■ Exercise data

______________________________

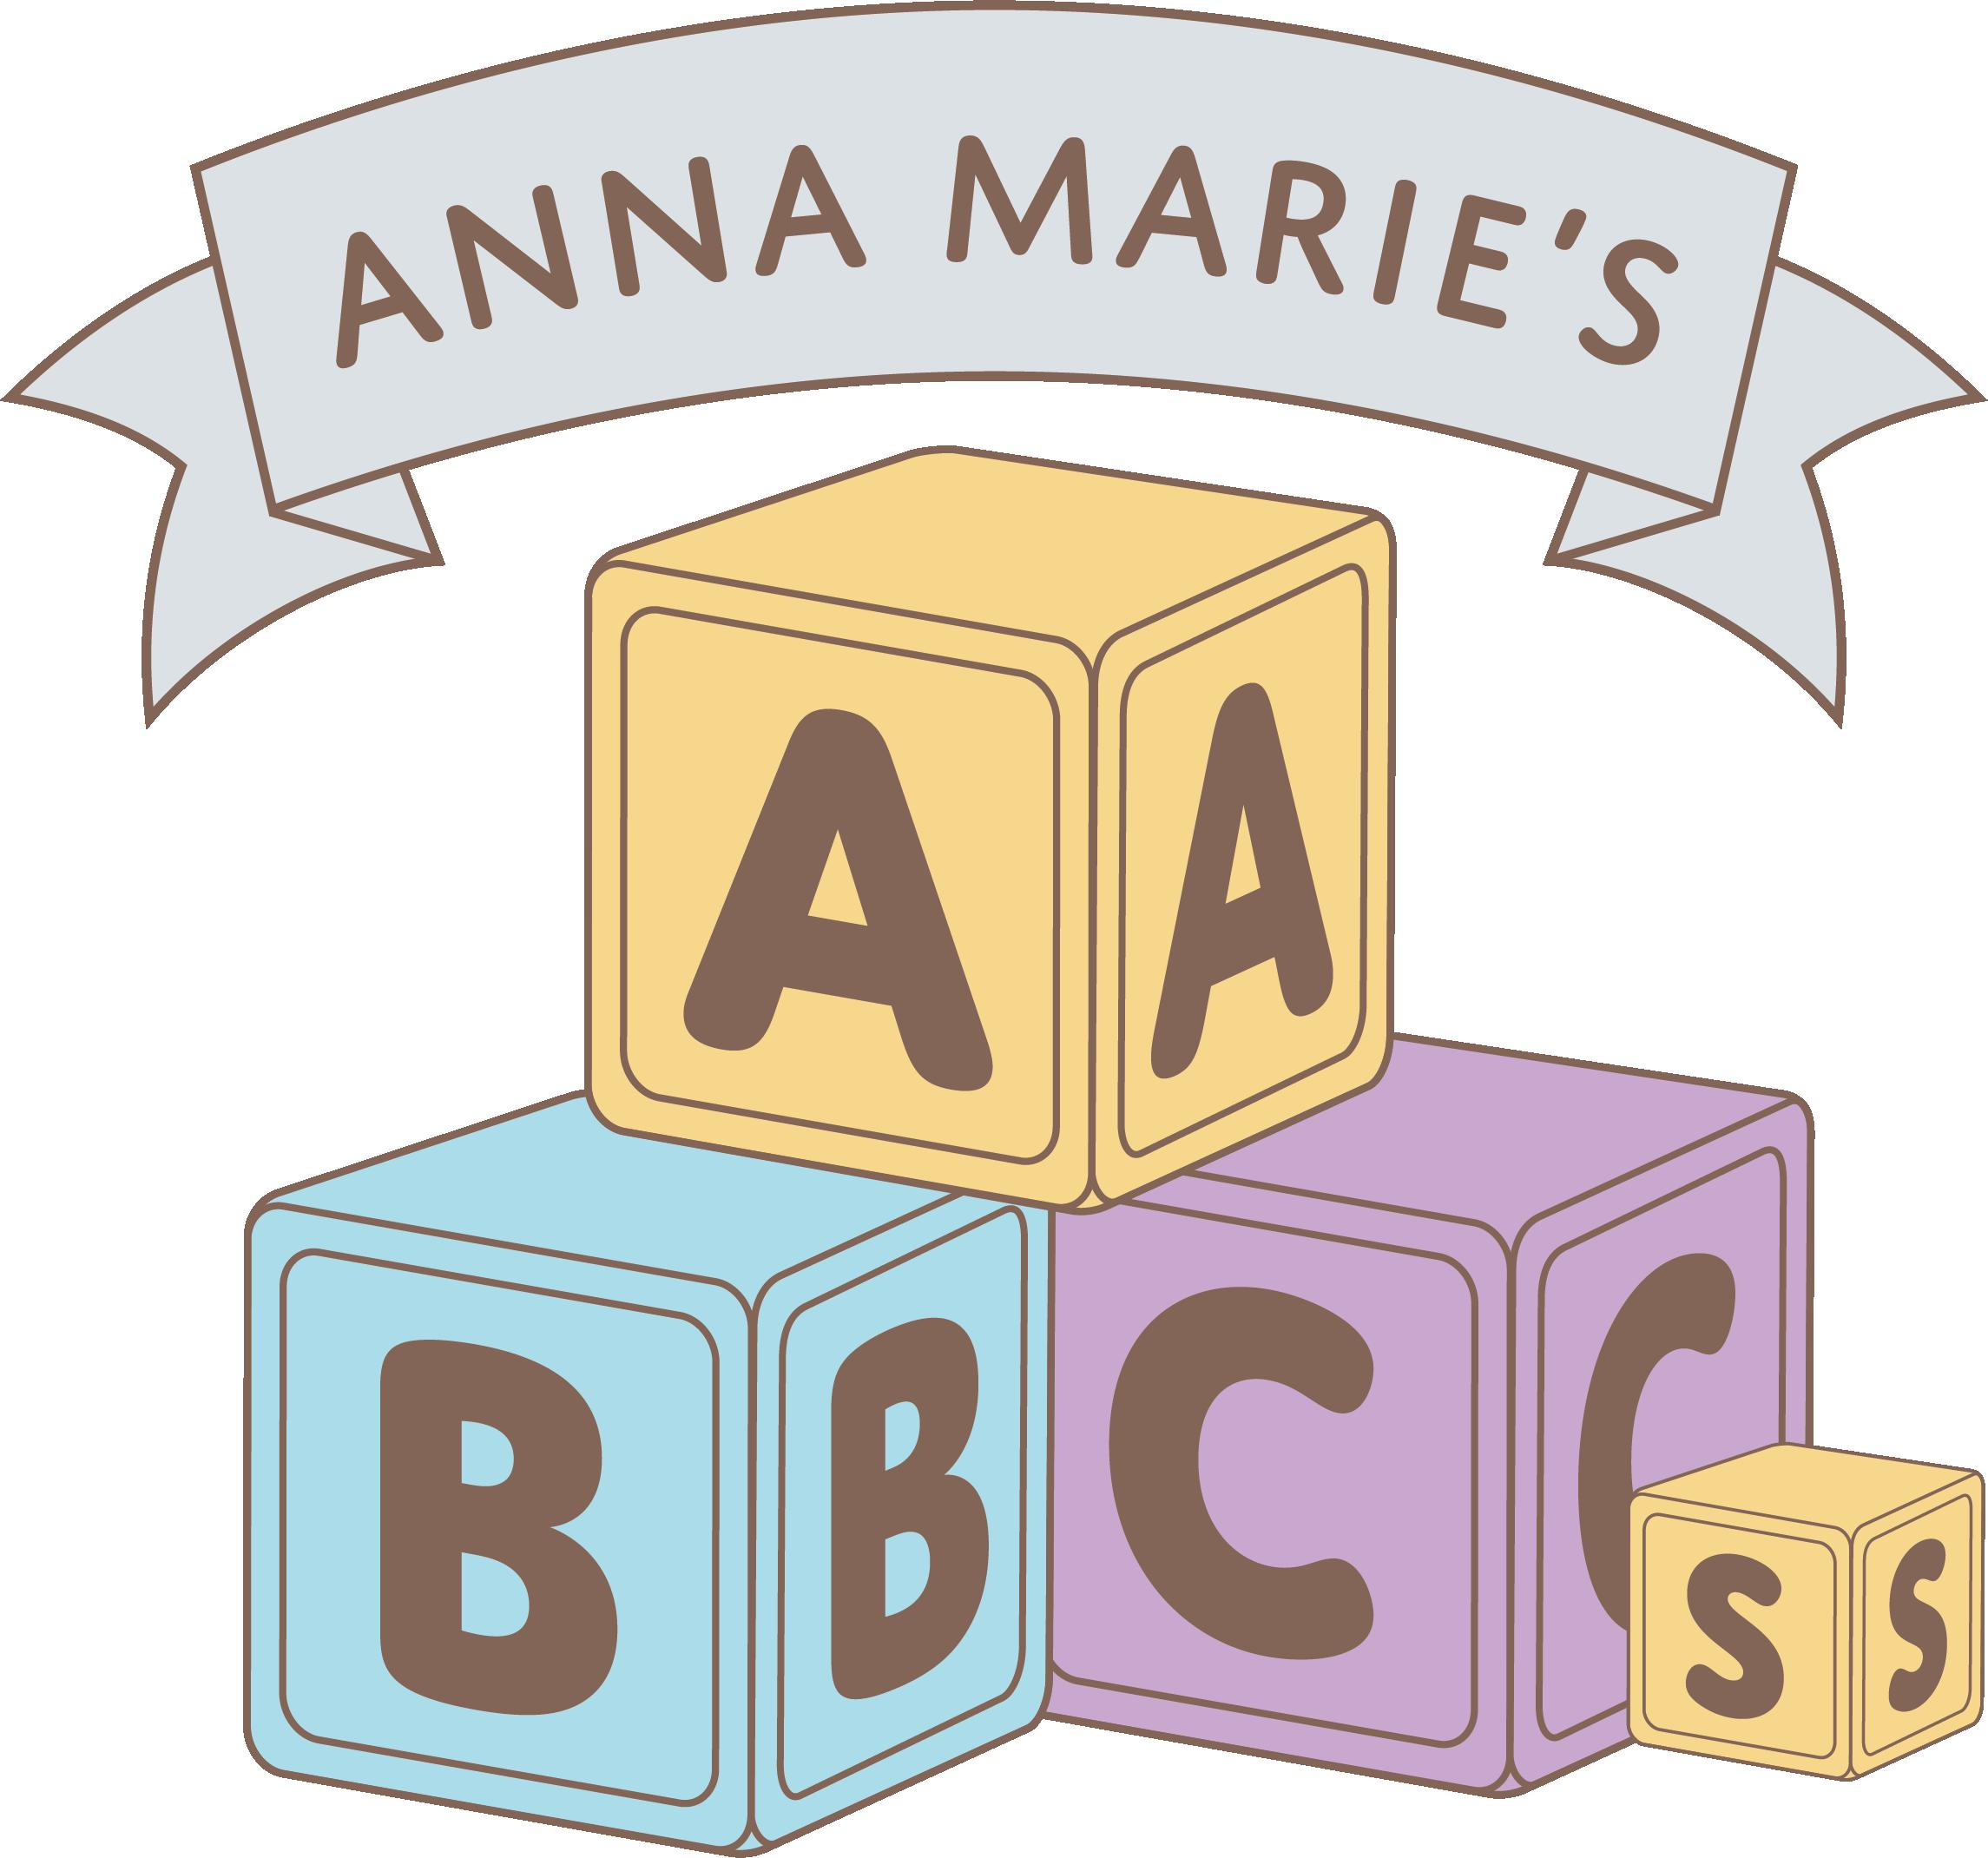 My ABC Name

______________________________

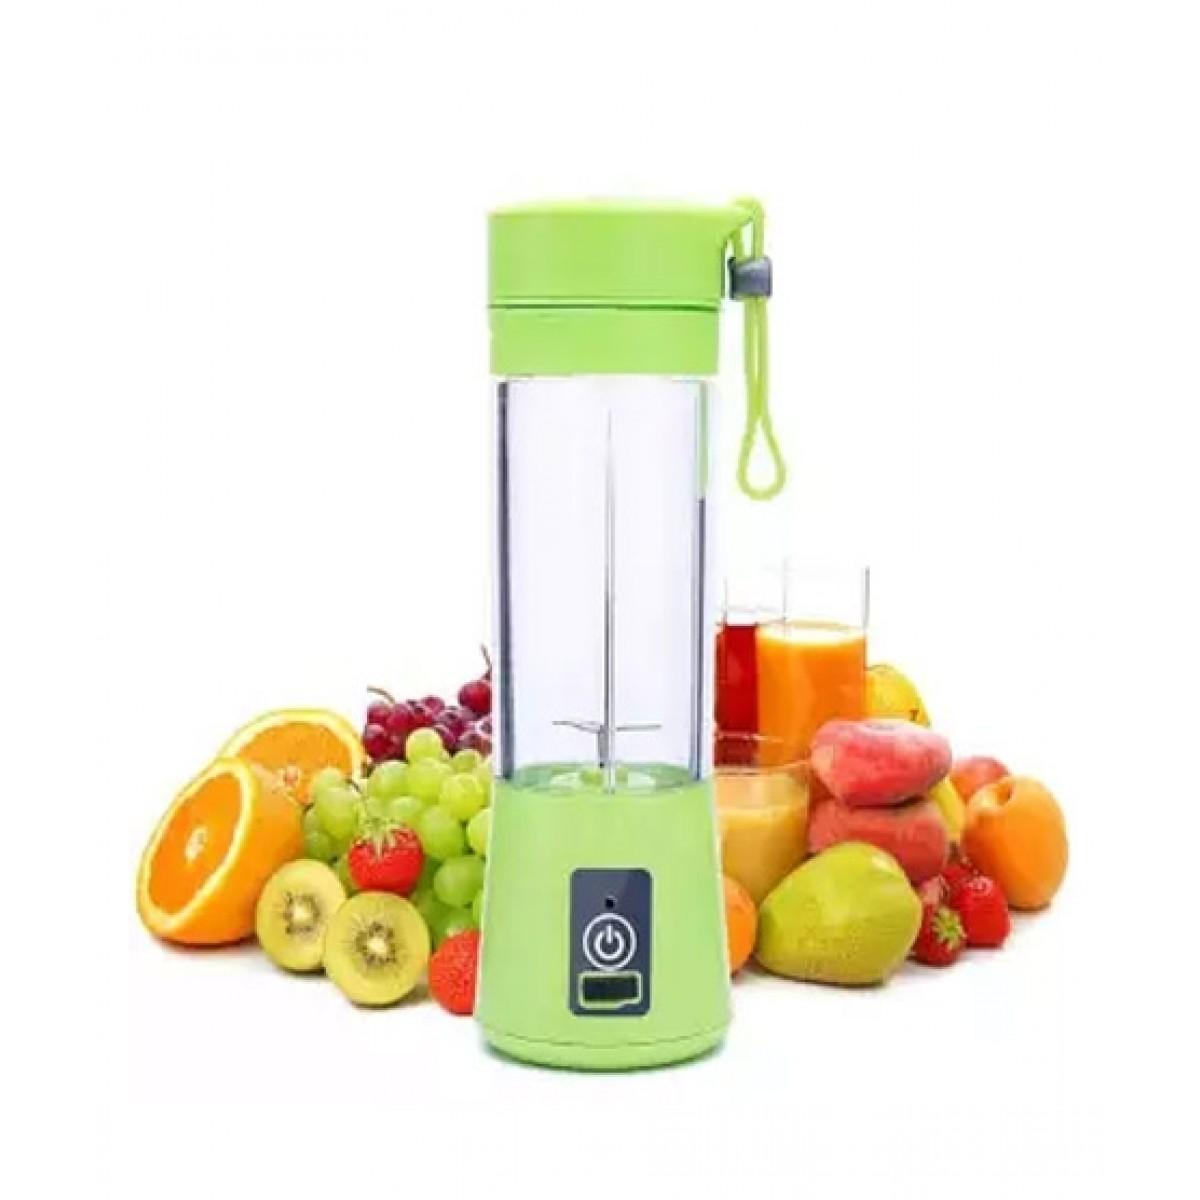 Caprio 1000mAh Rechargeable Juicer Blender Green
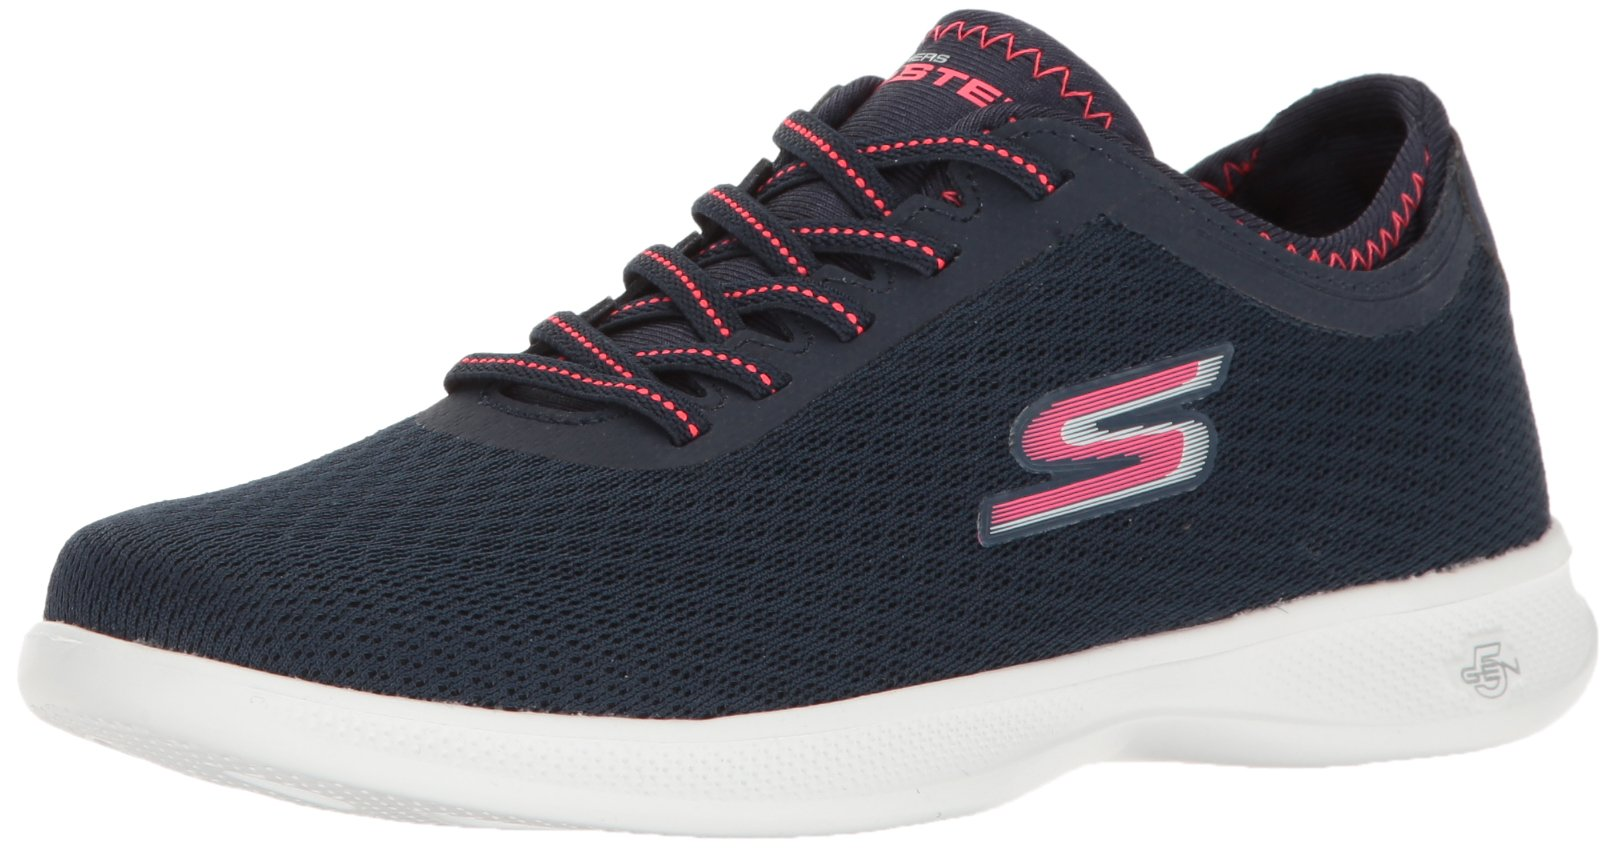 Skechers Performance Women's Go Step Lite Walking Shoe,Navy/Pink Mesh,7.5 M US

______________________________

■ What to work on
Once the line with "Caprio 1000mAh Rechargeable" is found above, transcribe each line from it through the line with "Skechers Performance Women's", exactly, and omit the pictures.

■ Task output
 Caprio 1000mAh Rechargeable Juicer Blender Green
 Skechers Performance Women's Go Step Lite Walking Shoe,Navy/Pink Mesh,7.5 M US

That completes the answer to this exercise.